I think this was fixed in lattice a few months ago - from the
ChangeLog, on March 3rd.
Thanks for your reply and discussion on the issue. See below for another
suggestion of a fix.
I have spent some time trying to find a fix which would still work as
documented:
Variables in the formula, `subset' and in `...' are looked for
first in `data' and then in the environment of `formula': see the
help for `formula()' for further details.
The problem is that the expression environment(formula) in
model.frame.default() gives the value:
(1) <environment: R_GlobalEnv> for the call
model.frame(formula[-3],data=data,subset=subset) ;
(2) <environment: 0x883d288> (or something alike) for the call
model.frame(~y,data=data,subset=subset) .
In case (1), eval(subset, data, env) in model.frame.default() gives the
subset() function which leads to an error.
In the case (2), it gives the correct value for subset (i.e., NULL in the
example of my original message).
I wonder why the environment is not the same for both cases. Don't you?
Perhaps this is where the real problem is, but my current understanding of
environment() is too limited to make such a claim.

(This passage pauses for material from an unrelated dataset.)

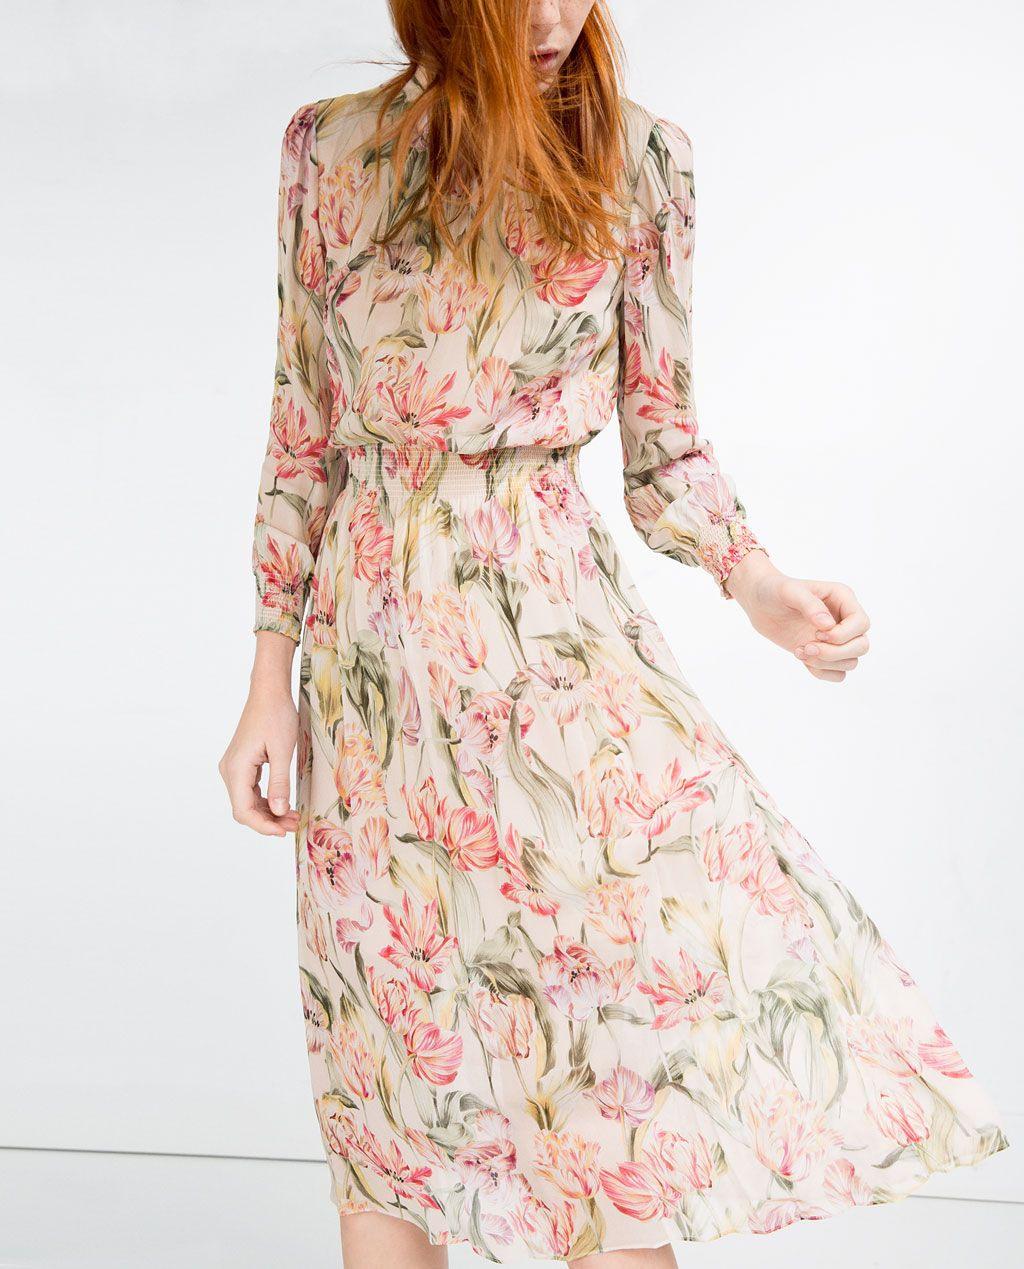 17 Schön Abendkleid Von Zara Galerie20 Wunderbar Abendkleid Von Zara Spezialgebiet

I suggest here another fix which I hope respects the documentation. In
model.frame.default(), add the line
formula <- formula(deparse(formula))
just before the line
env <- environment(formula)
This change will affect the value of environment(formula).
If you make the correction and run the code below, then it should work
successfully. The question is whether this change still respects the
documentation. Personally, I think this is safe, because the expression
eval(subset, data, env) is still evaluated in the environment of
`formula', despite the fact that this environment has changed.
Sincerely,
Jerome Asselin
foo <- function(formula,data,subset=NULL)
{
cat("\n*****Does formula[-3] == ~y ?**** TRUE *****\n")
print(formula[-3] == ~y)
cat("\n*****Result of model.frame() using formula[-3]**** FAIL *****\n")
print(try(model.frame(formula[-3],data=data,subset=subset)))
cat("\n*****Result of model.frame() using ~y**** WORKS *****\n")
print(try(model.frame(~y,data=data,subset=subset)))
}
dat <- data.frame(y=c(5,25))
foo(y~1,dat)
foo(y~1,dat,subset=1)
####Results after making the correction###
foo(y~1,dat)
*****Does formula[-3] == ~y ?**** TRUE *****
[1] TRUE
*****Result of model.frame() using formula[-3]**** FAIL *****
y
1 5
2 25
*****Result of model.frame() using ~y**** WORKS *****
y
1 5
2 25
foo(y~1,dat,subset=1)
*****Does formula[-3] == ~y ?**** TRUE *****
[1] TRUE
*****Result of model.frame() using formula[-3]**** FAIL *****
y
1 5
*****Result of model.frame() using ~y**** WORKS *****
y
1 5